Create a public class named Greeter that provides a single class method named greet. greet should accept a single parameter, a Person to greet, and return a String, the greeting. Depending on what kind of person it is, you should greet them differently:

  • If the person is a Professor—for instance, one named "Geoff"—you should greet them "Hi Professor Geoff"
  • If the person is a Student—for instance, one named "Friendly"—you should greet them "Hey Friendly, you are not alone!"
  • If the person is a Staff, then they will have a String role you can retrieve using getRole.
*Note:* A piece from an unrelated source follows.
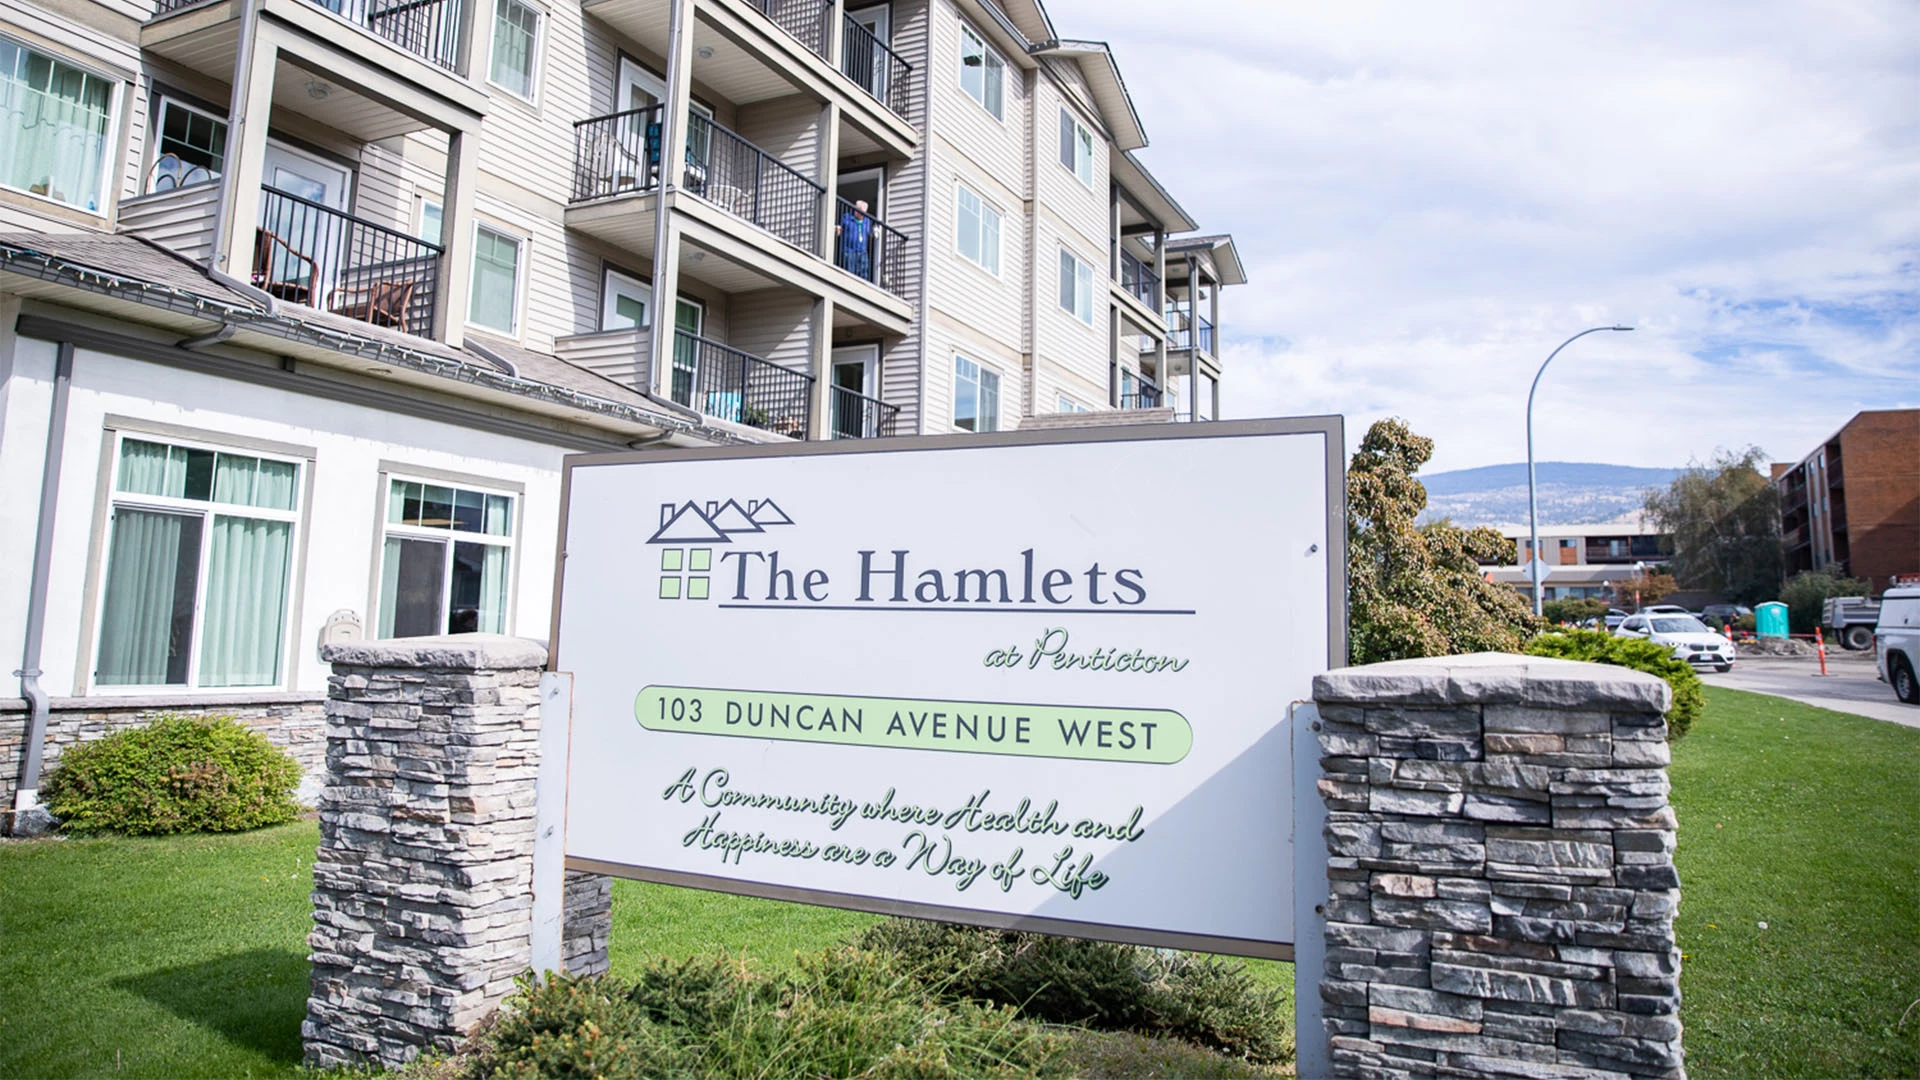 The Hamlets at Penticton retirement home address board

For example, if their role is "advising" their name is "Chuchu", you should greet them "Thanks Chuchu for all your help with advising".

All Persons have a name that you can retrieve using getName. If the person is null or not one of the kinds of people described above, return null. Do not solve this problem using method overloading. And do not hard-code the answers. Your solution should work for any Professor, Student, or Staff.

Test Design Challenge

You're challenge is to write tests for this problem described above.

  • Provide a public class named TestGreeter with a single non-private class method named test that accepts no arguments and does not return a value.
  • If the implementation of the class described above is incorrect, your test method should throw an exception.
  • If it is correct, do not throw an exception.